At Orbital, a typical project begins with a broad question that a client is puzzling over: Are chain retailers dying? How is China’s trade shifting? For each of these questions, engineers have to make the abstract concrete. The leap can be an intuitive one — tabulating, for example, the cars in every Macau casino parking lot to predict how well its gambling sector will fare next quarter. When a counting algorithm gets perfected, when the car counter can accurately pick up the cars and leave out the port-a-potties and dumpsters, it can help answer even bigger questions about a given place: the degree of urbanization, the level of gas demand, the fluctuations in population. “You’re building these Lego bricks, and you can put bricks together in new ways,” says Boris Babenko, an engineer who trains Orbital’s software to recognize those cars and planes and ships. Last year, the World Bank approached Orbital to find a way to measure economic inequality. “You could think about it and say, Well, maybe we can look at the number of houses, or the shape of houses, or the presence of pools,” Babenko says. The team ultimately settled on four indicators of poverty using the algorithms it had on hand: the number of cars (more suggests higher incomes), the height of buildings (urban areas have higher buildings, and in the developing world, those areas tend to be wealthier), the construction activity (a proxy for population growth and migration), and the type of vegetation (in rural areas, thick greenery signals poverty; in urban areas, lushness signals wealth).

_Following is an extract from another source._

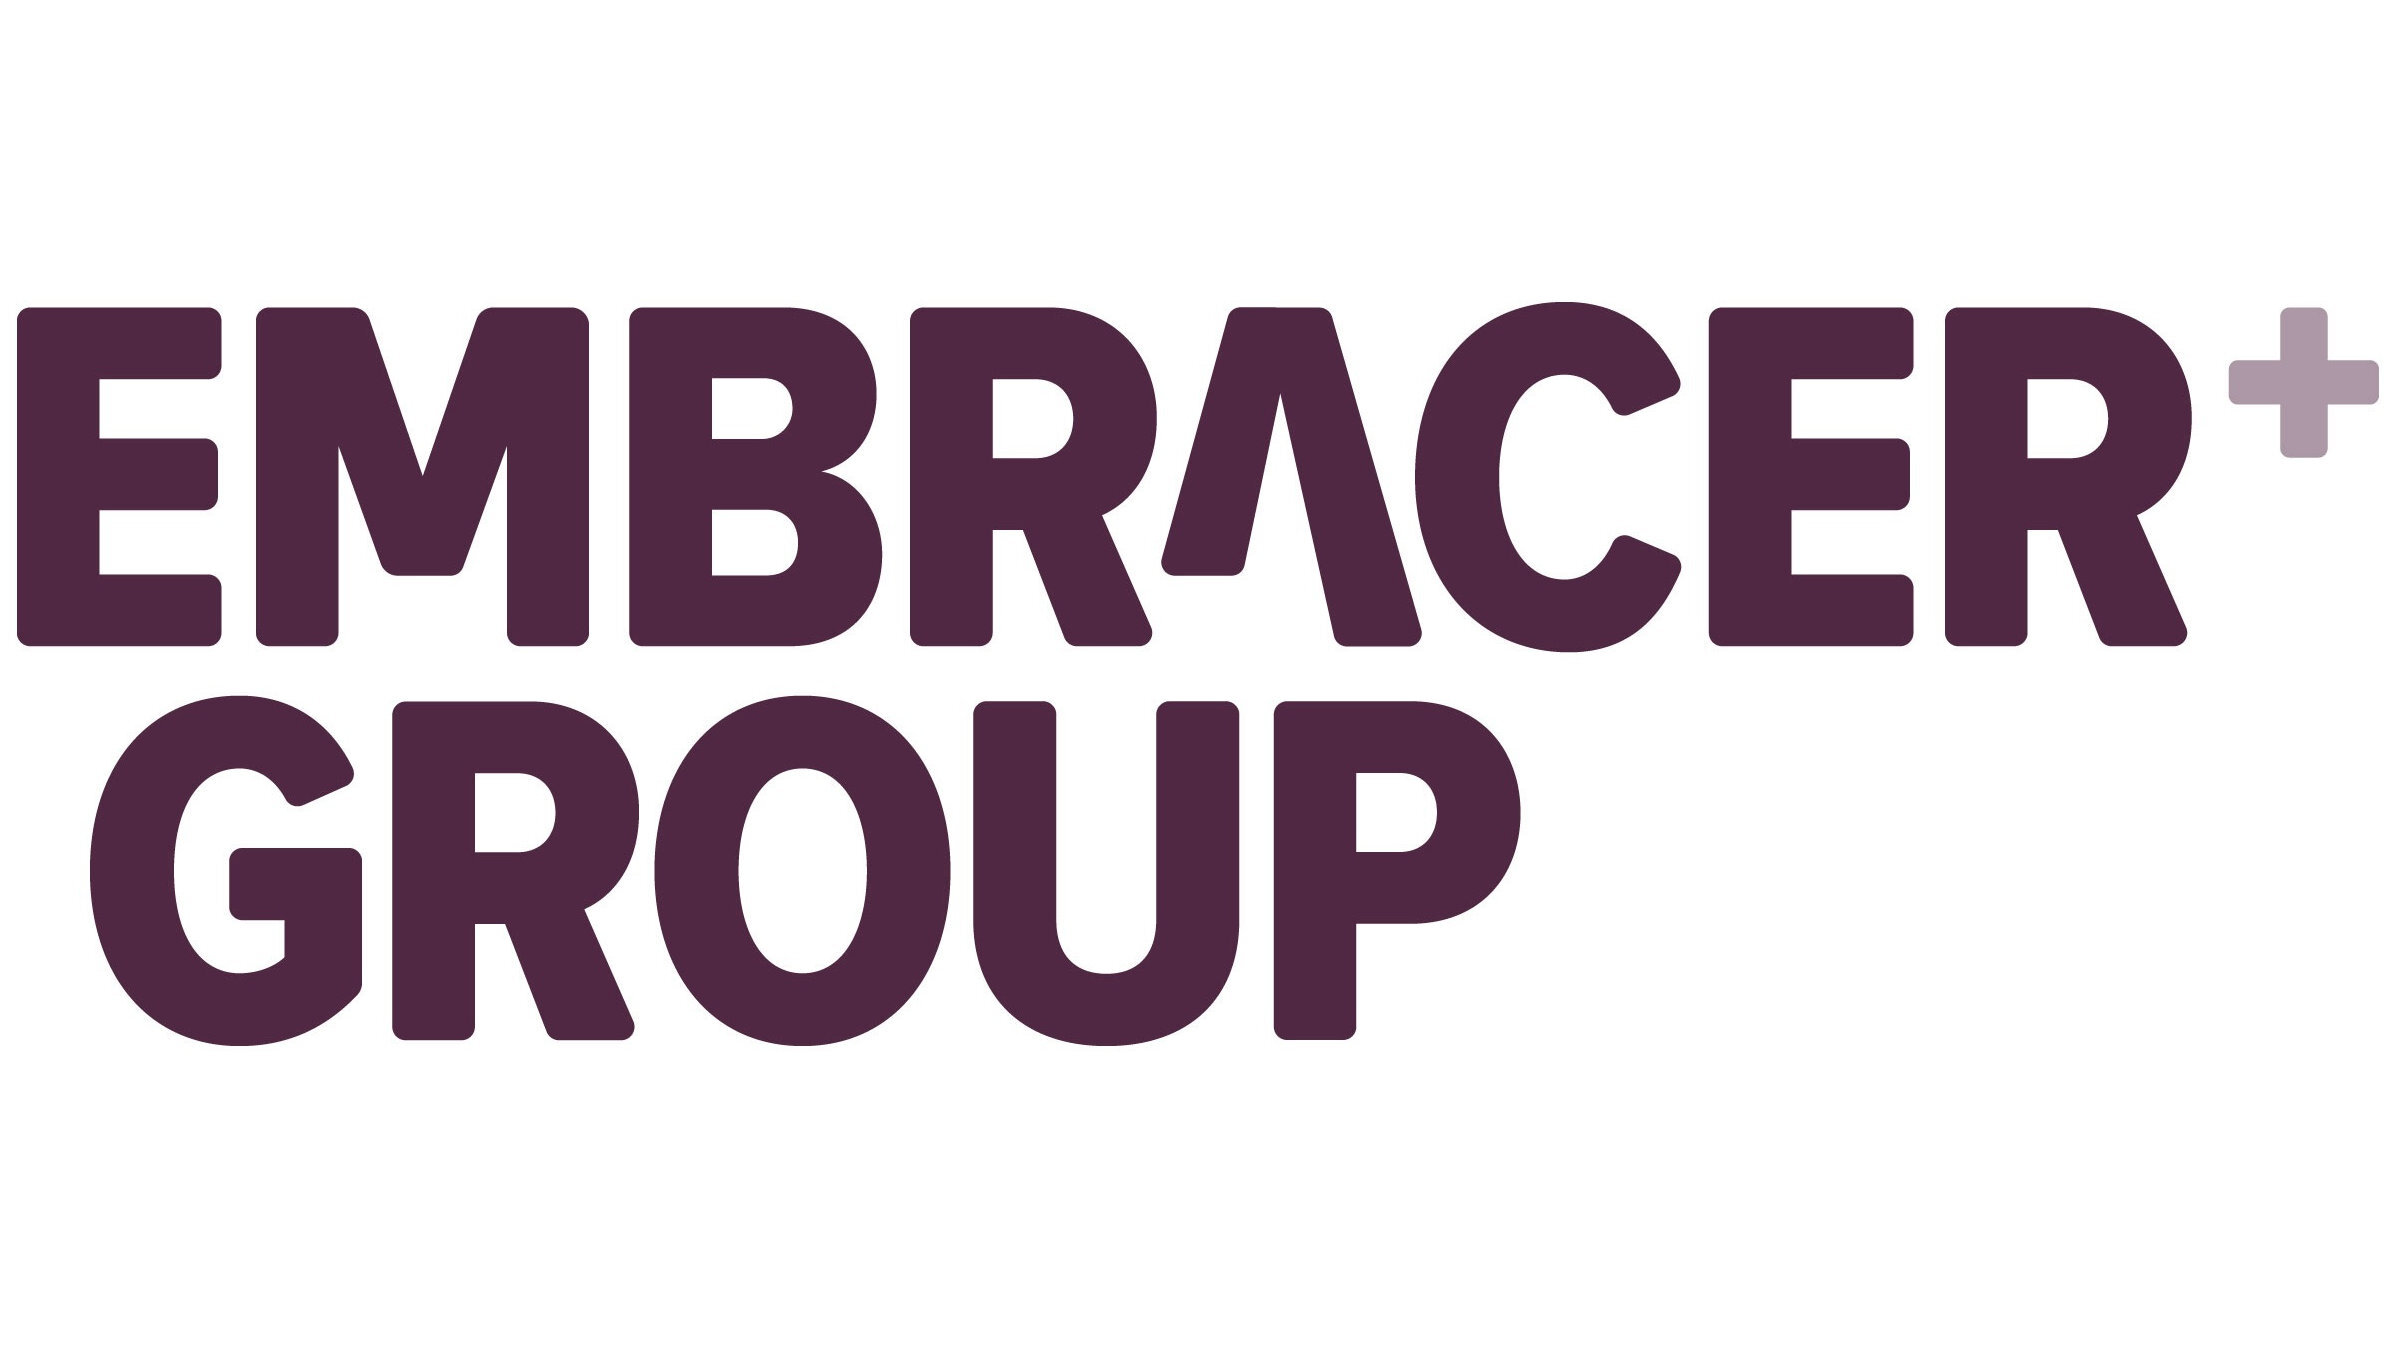 The Embracer Group logo: the words "Embracer Group" in purple

“Waiting a quarter to see how a company is performing is nonsense.”
Since its founding, Orbital has attracted nearly $79 million in funding (one of its investors is In-Q-Tel, the venture capital arm of the CIA). And the industry at large is doing well: A recent report by J.P. Morgan estimates that investors currently spend $2 billion to $3 billion on big data, a number that’s expected to climb. With alternative data being churned out at such a pace, however, regulation still has to catch up. Mike Gantcher is the head of sales at RS Metrics, which uses planes, drones, and satellites to measure traffic outside retail stores. When clients approach RS Metrics, he says, they often question the legality of using data in this way. “That’s the first thing hedge funds ask, so they don’t go to jail,” Gantcher says. If a person were to make a trade based on nonpublic knowledge — such as a tip from a shipping executive about the contents of a cargo container — he could be accused of insider trading.
The Securities and Exchange Commission has yet to weigh in, so, for now, firms are careful to stick with data that’s publicly available: Twitter feeds, radio broadcasts from cargo ships, photographs from space. Then there’s the issue of privacy. Placed, a company that uses smartphone location data to estimate how online ads impact retail foot traffic, masks any trace of identifying information (Placed was acquired by Snap in June for $200 million). And firms like Orbital rely on lower-resolution images in which people aren’t distinguishable. Besides, a person’s identity is a rare bit of data that to hedge funders isn’t worth a whole lot. “We’re not marketers,” says Zatreanu. “We want to understand not just you but what people like you are doing.”